ACTION ITEM | Write each line below back out exactly, omitting its pictures.

DATA BELOW |

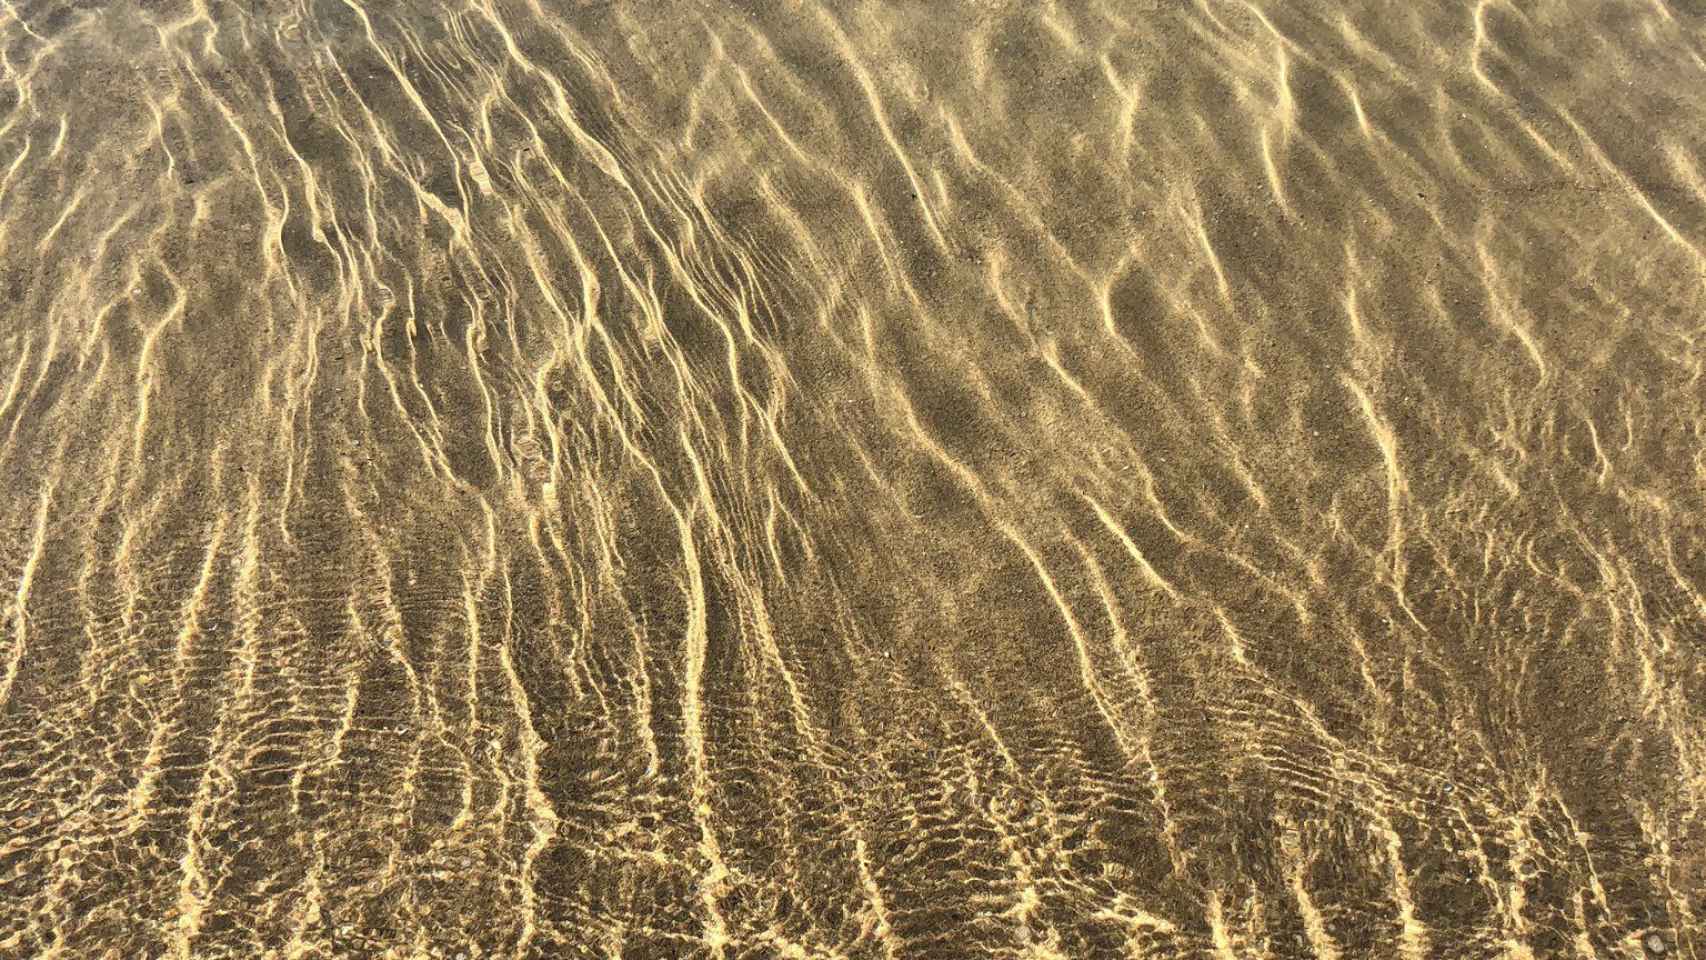 Agua totalmente transparente en la playa de Barcelona / @ingritona40
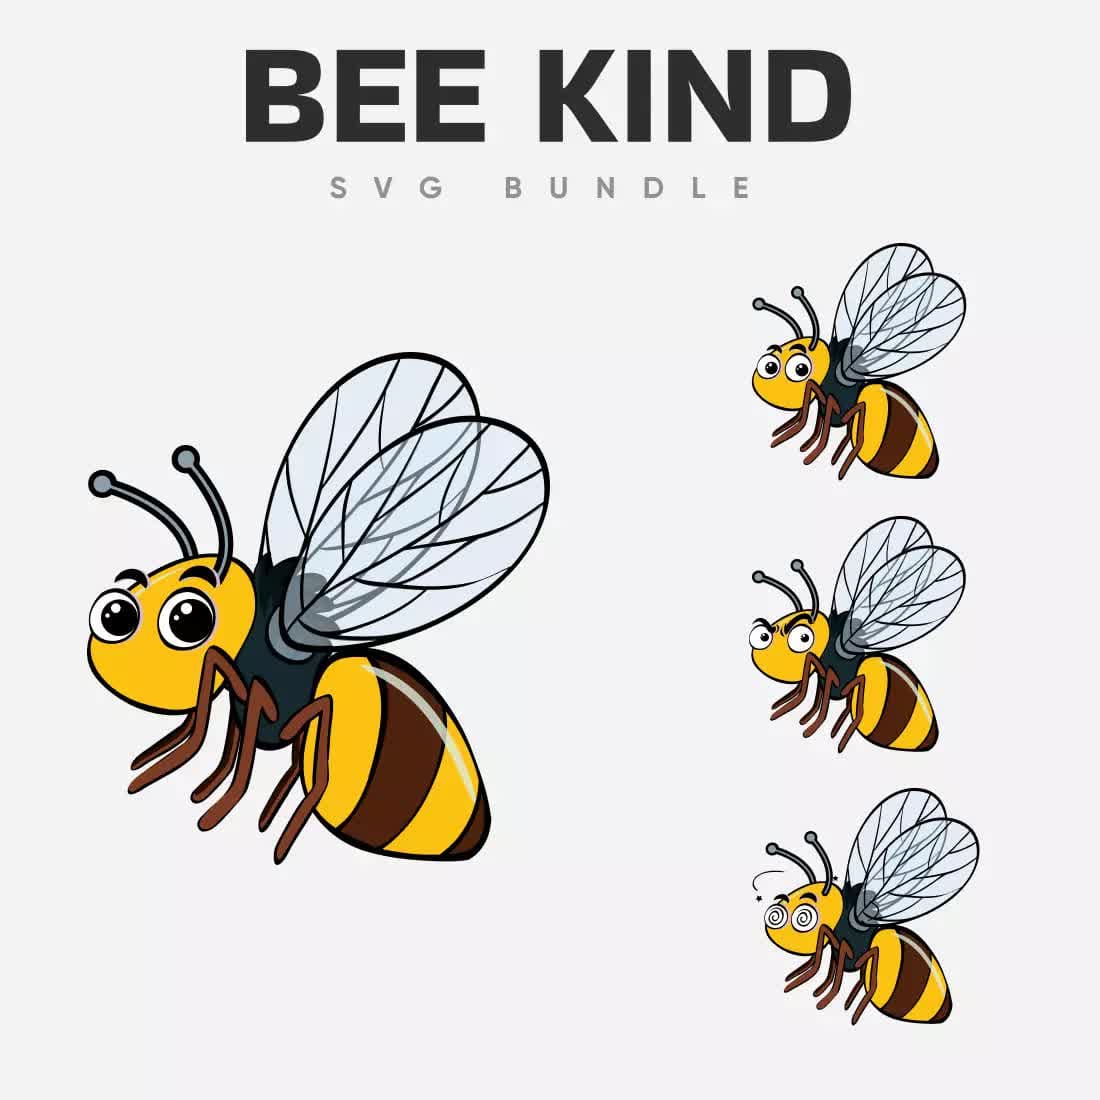 Bee Kind SVG Bundle Preview 4.
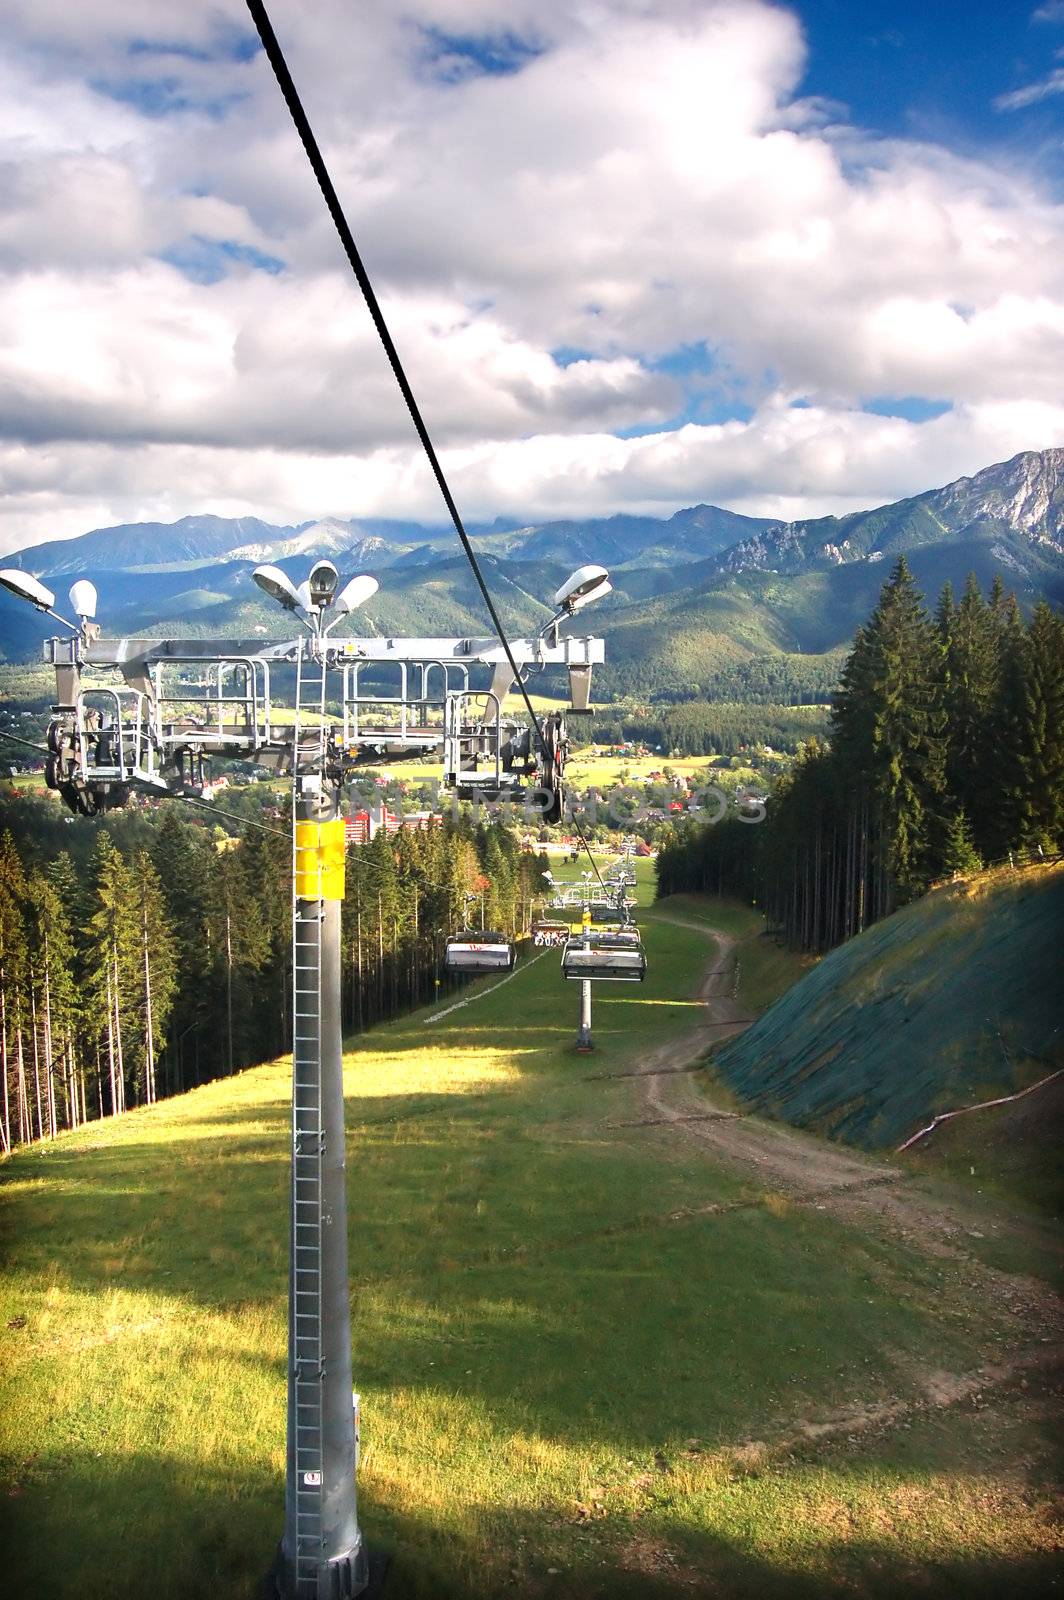 A chair-lift in Tatra Mountains
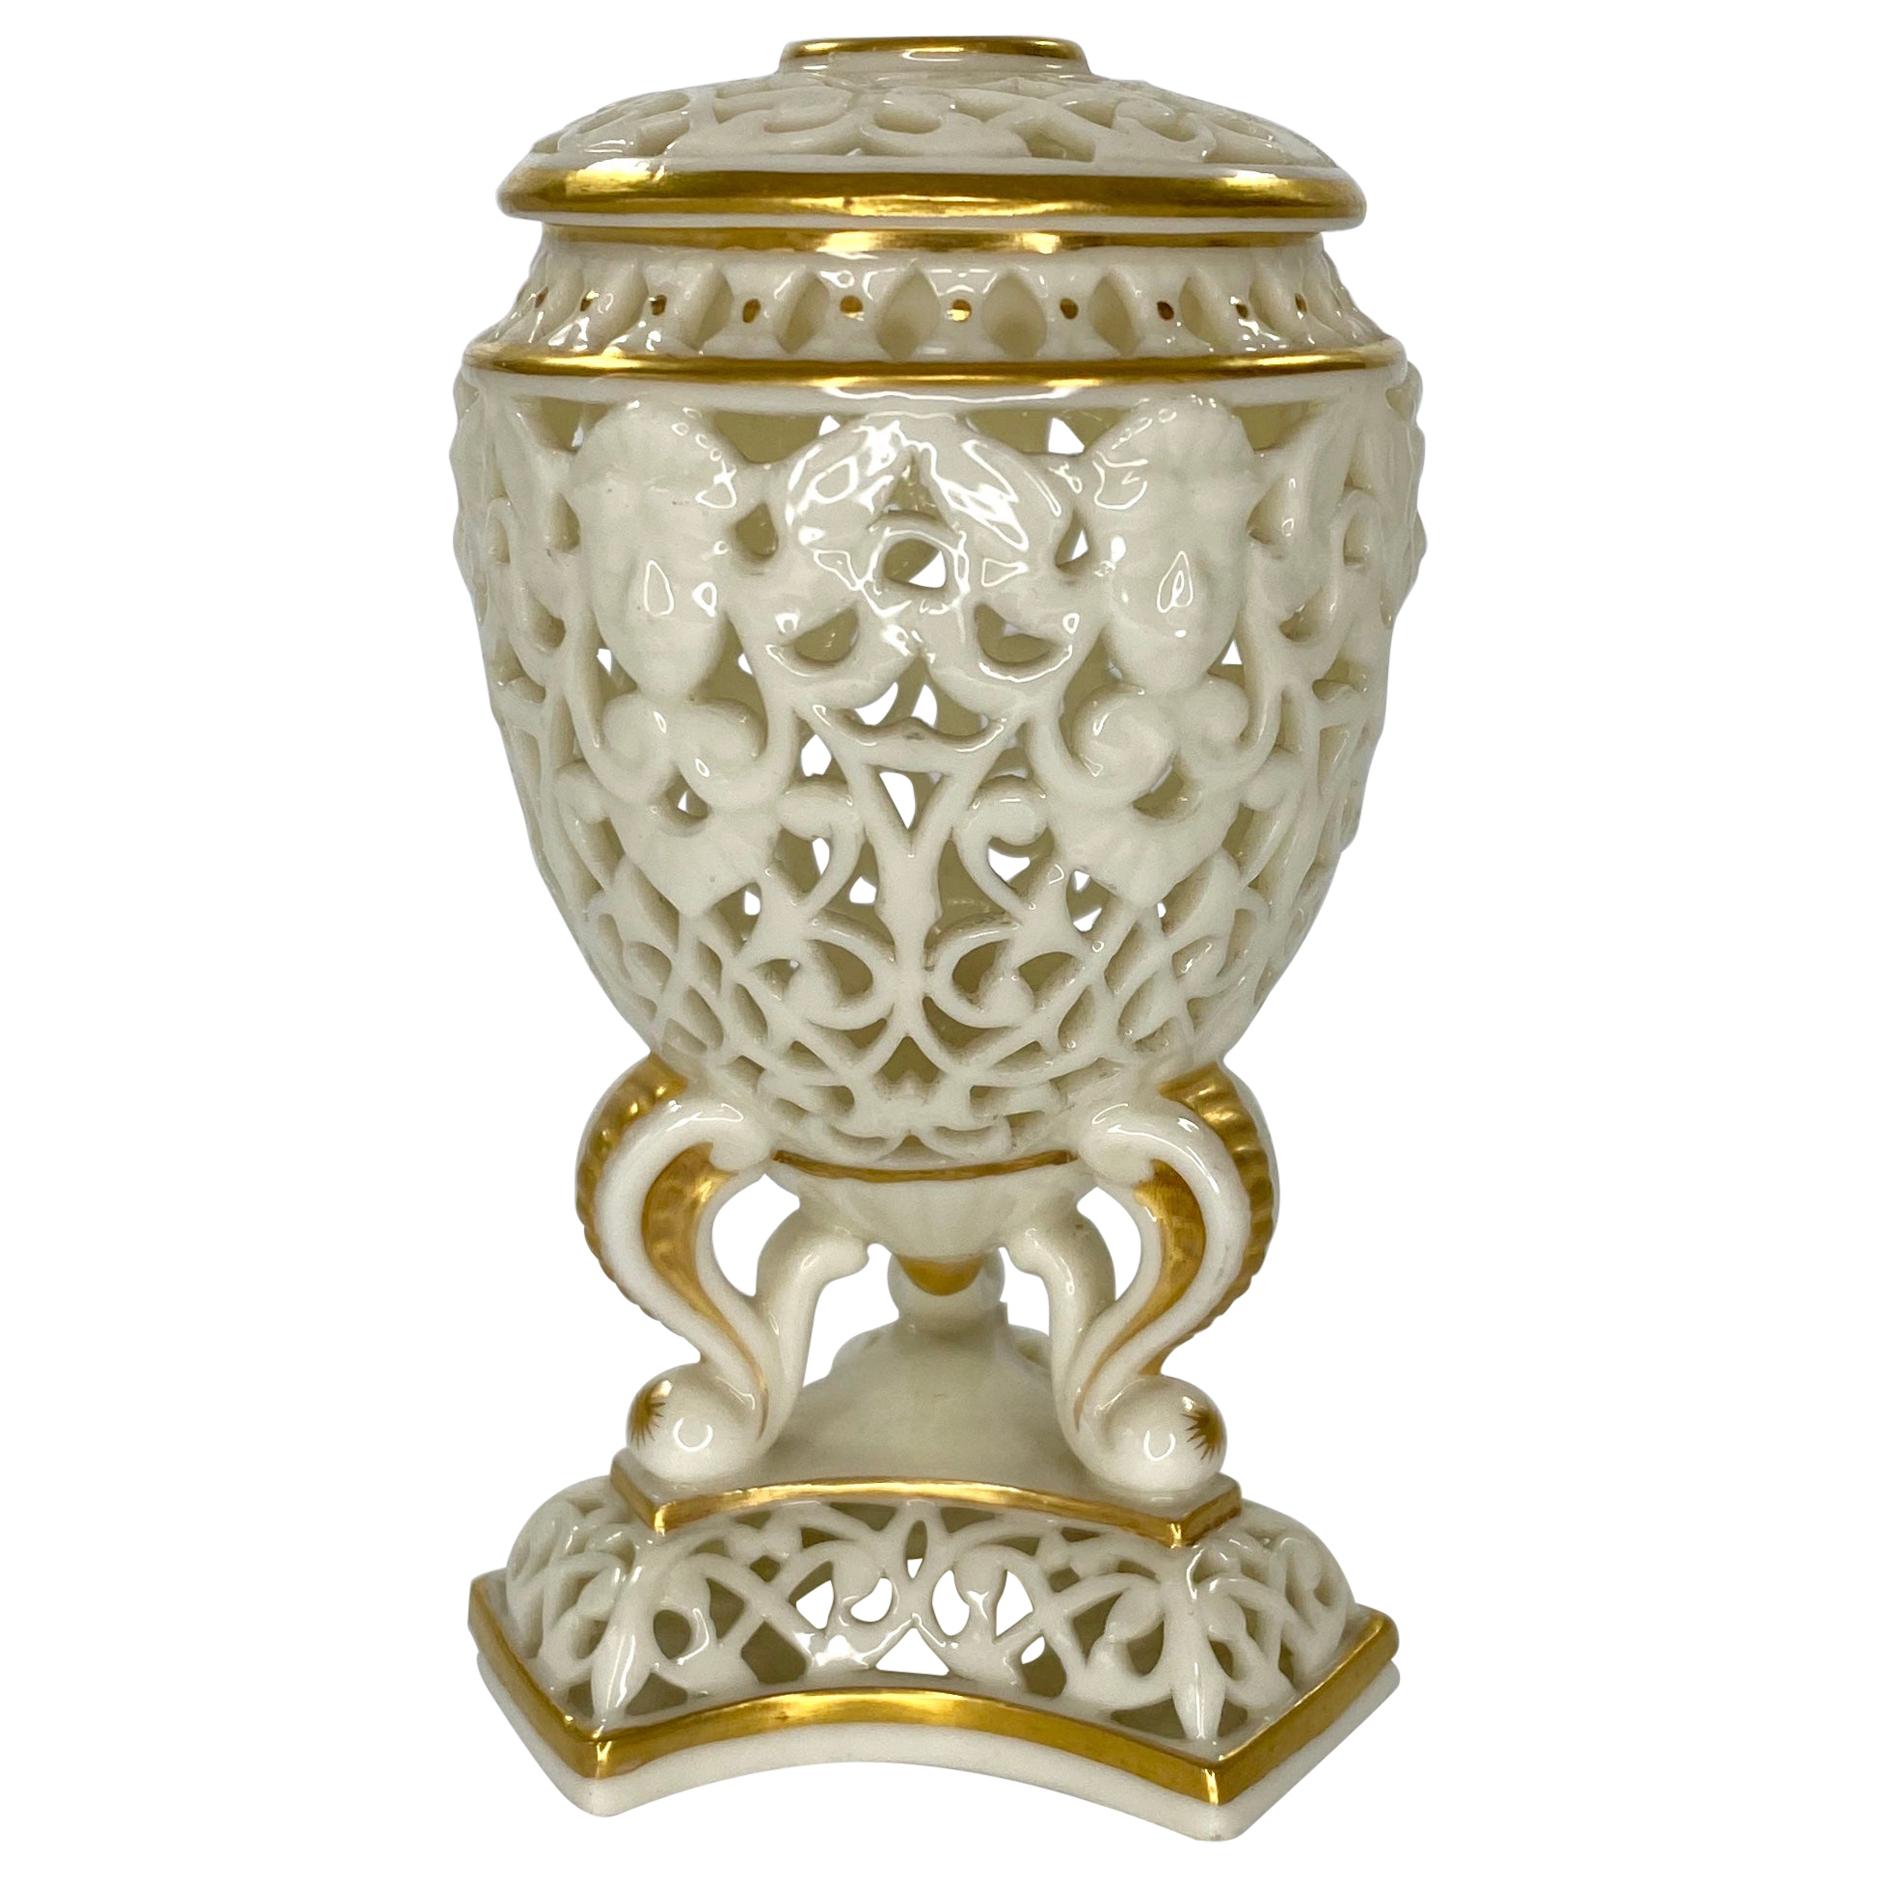 Graingers Royal Worcester Porcelain Vase and Cover, c. 1890

WRITTEN SOLUTION |
 Agua totalmente transparente en la playa de Barcelona / @ingritona40
 Bee Kind SVG Bundle Preview 4.
 A chair-lift in Tatra Mountains
 Graingers Royal Worcester Porcelain Vase and Cover, c. 1890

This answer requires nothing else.